Absolute ethanol is commonly used for inducing ulcer in experimental rats that may lead to intense gastric mucosal damage. Ulceration in rats produces reactive species responsible for mucosal injury (Prasenjit et al., 2015) and lipid peroxidation, a free radical mediated process that ultimately destroys lipid membrane (Ekeanyanwu et al., 2016). Such injuries in gastrointestinal mucosa starts with microvascular injury, namely disruption of the vascular endothelium resulting in increased vascular permeability, edema formation and epithelial lifting (Mohammad et al., 2015). Additionally, it also produces necrotic lesions in the gastric mucosa by its direct toxic effect, reducing the secretion of bicarbonates and formation of mucus (Zainul et al., 2015). The protection by the extracts of C. setosa suggests its ability to inhibit the ulcer by any of the above mechanisms. In this context, it is known that the oral administration of the methanolic extract of the study species, C. setosa at the dose of 400 mg/kg b.w. to rats is capable of arresting gastric lesions formed by ethanol. The accompanying significant increase in mucus production offers the gastric mucosal strengthening mechanism by the extract of the species, C. setosa, contributes for anti-irritant property which indicates its preventive effect. Davenport (1968) investigated that the gastric wall mucus is thought to play a pivotal role and mimic defensive factor against gastrointestinal damage.

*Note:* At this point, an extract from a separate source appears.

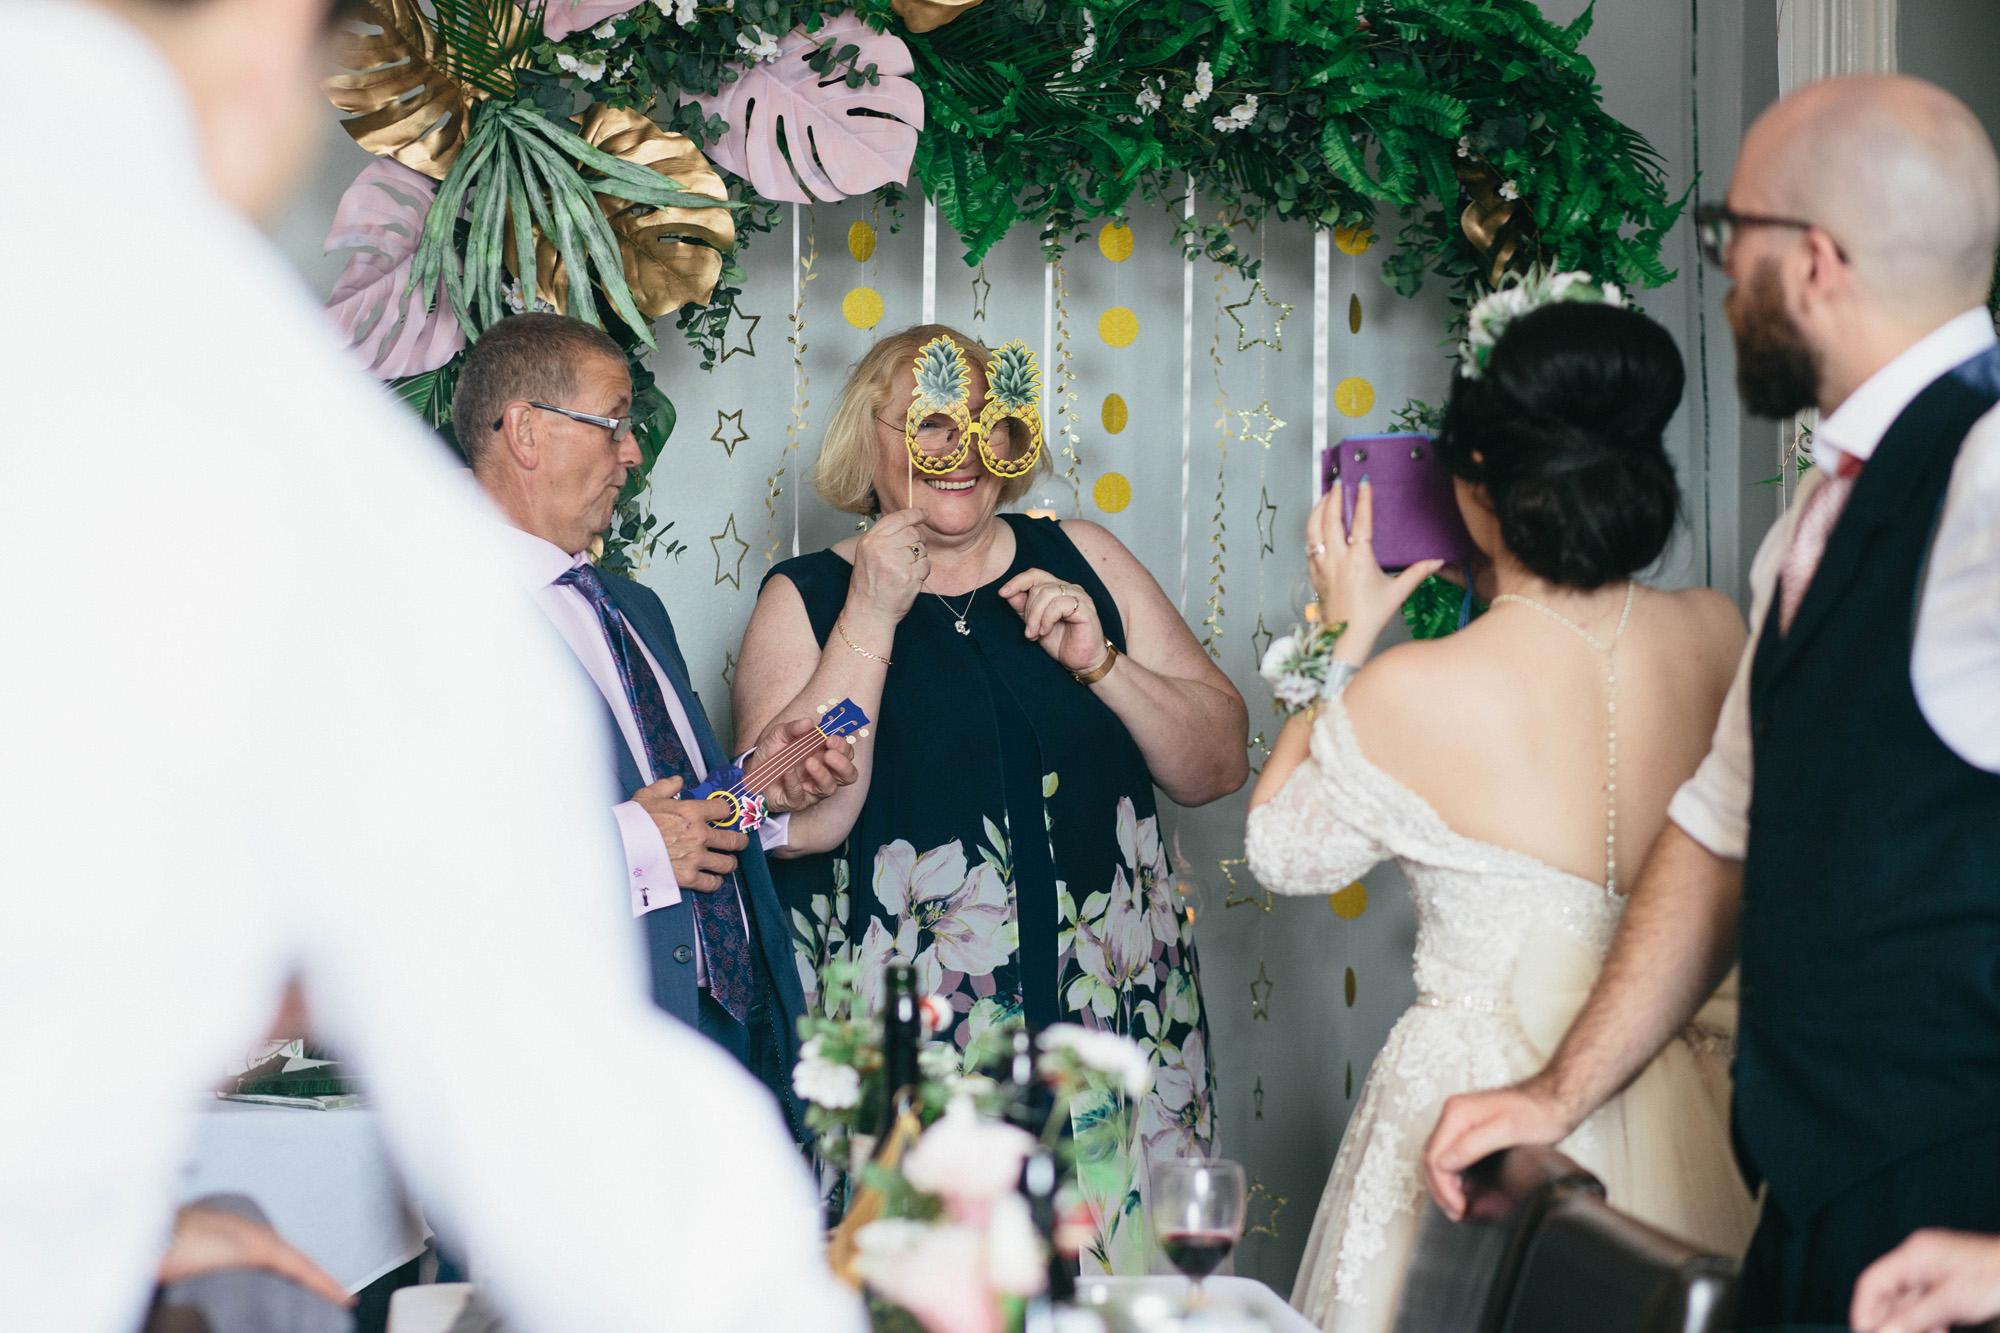 Quirky Wedding Photography Glasgow West End 051.jpg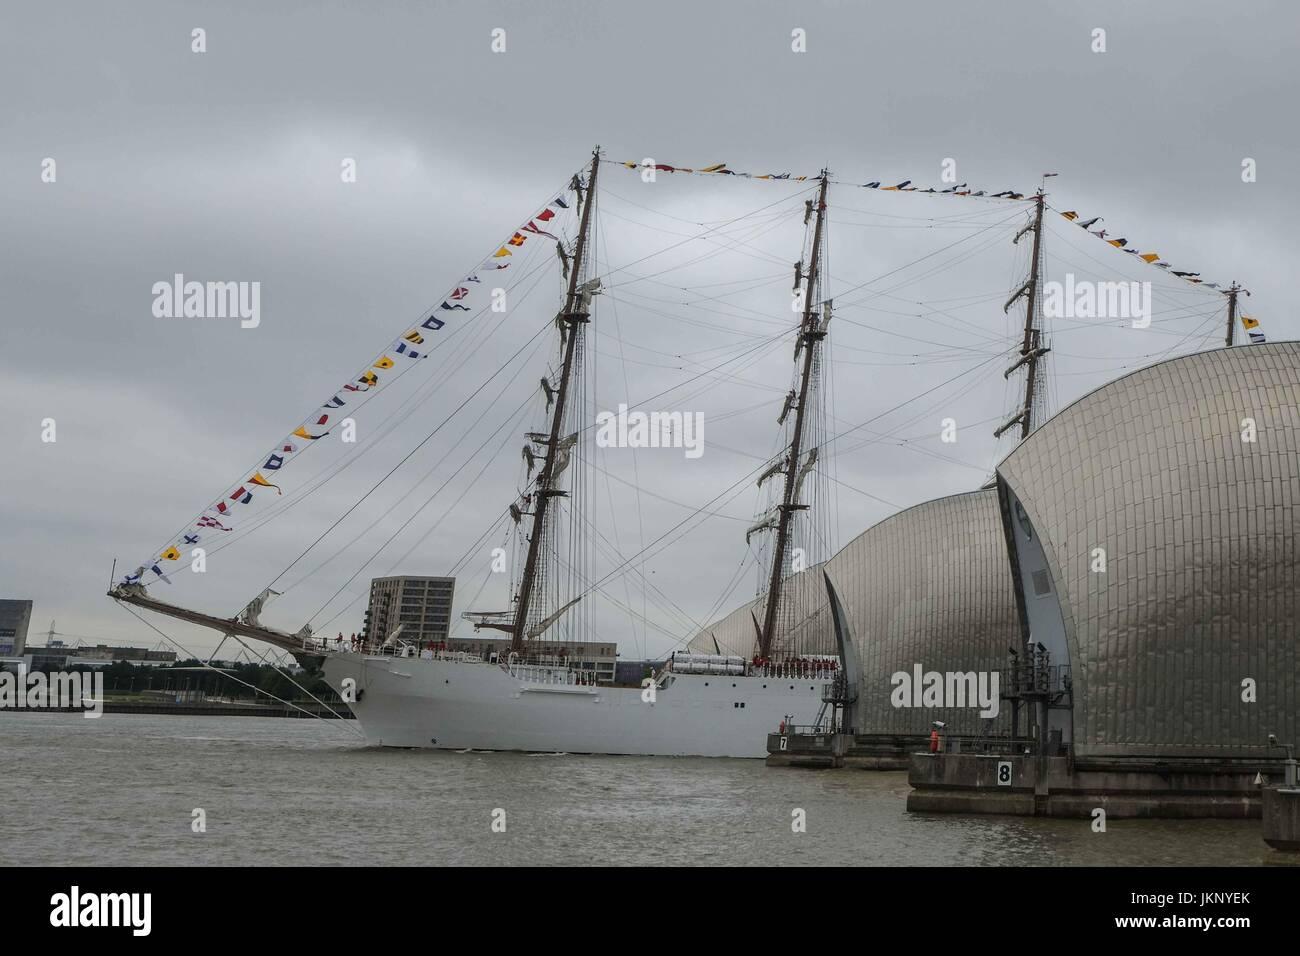 London, UK  24th July 2017. 115 metre long Peruvian Navy training ship, BAP Union, Passes through the Thames Barrier Stock Photo

The present study therefore clearly reinfore the presence of substantial amounts of various secondary metabolites particularly flavonoids in this species. The above findings are in good agreement with the reports as observed in our laboratory earlier (Jayachitra et al., 2013a, Jayachitra et al., 2013b). It is eminent that many flavonoids and terpenoids manifested anti-secretory and cytoprotective properties in gastric ulcer induced rats (Lozano et al., 2016, Castro-Vazquez et al., 2016). It was found that the antiulcer activity of the flavonoid, rutin prevents oxidative cell injury and hemorrhagic injury of gastric mucosa (Shagun et al., 2013). Even though the mechanism of ulcer prevention by this extract is not clear, the presence of flavonoids in large extent in the extract of C. setosa (Jayachitra et al., 2013a, Jayachitra et al., 2013b) might play a pivotal role in defense mechanism by increasing mucus production, stabilizing the surface epithelial cells or by interfering with the prostaglandin synthesis.

Conclusion

Taken together this study herein strongly met its intention of scientifically validating the use of aerial parts of C. setosa. Methanolic extract of aerial parts of this species exhibited a protective effect on pylorus ligated and ethanol induced gastric ulcer in a concentration dependent manner. It also manifested decreased acidity and upregulated the pH of gastric juice. Moreover, it is logical to highlight that no death occurred after exposure to very high doses of methanolic extract of C. setosa, which further confirmed its safety profile being used for therapeutic purposes and for further studies in in vivo models with this raw material. Therefore, the methanolic extract of the species may be considered as a sole source of novel antiulcer drugs. However, detailed study on isolation of active constituents from this species and its underlying mechanism of action responsible for its antiulcer effect is still in lacuna.

Conflict of interest

The authors hereby declare that they have no conflict of interest in the contents of this paper.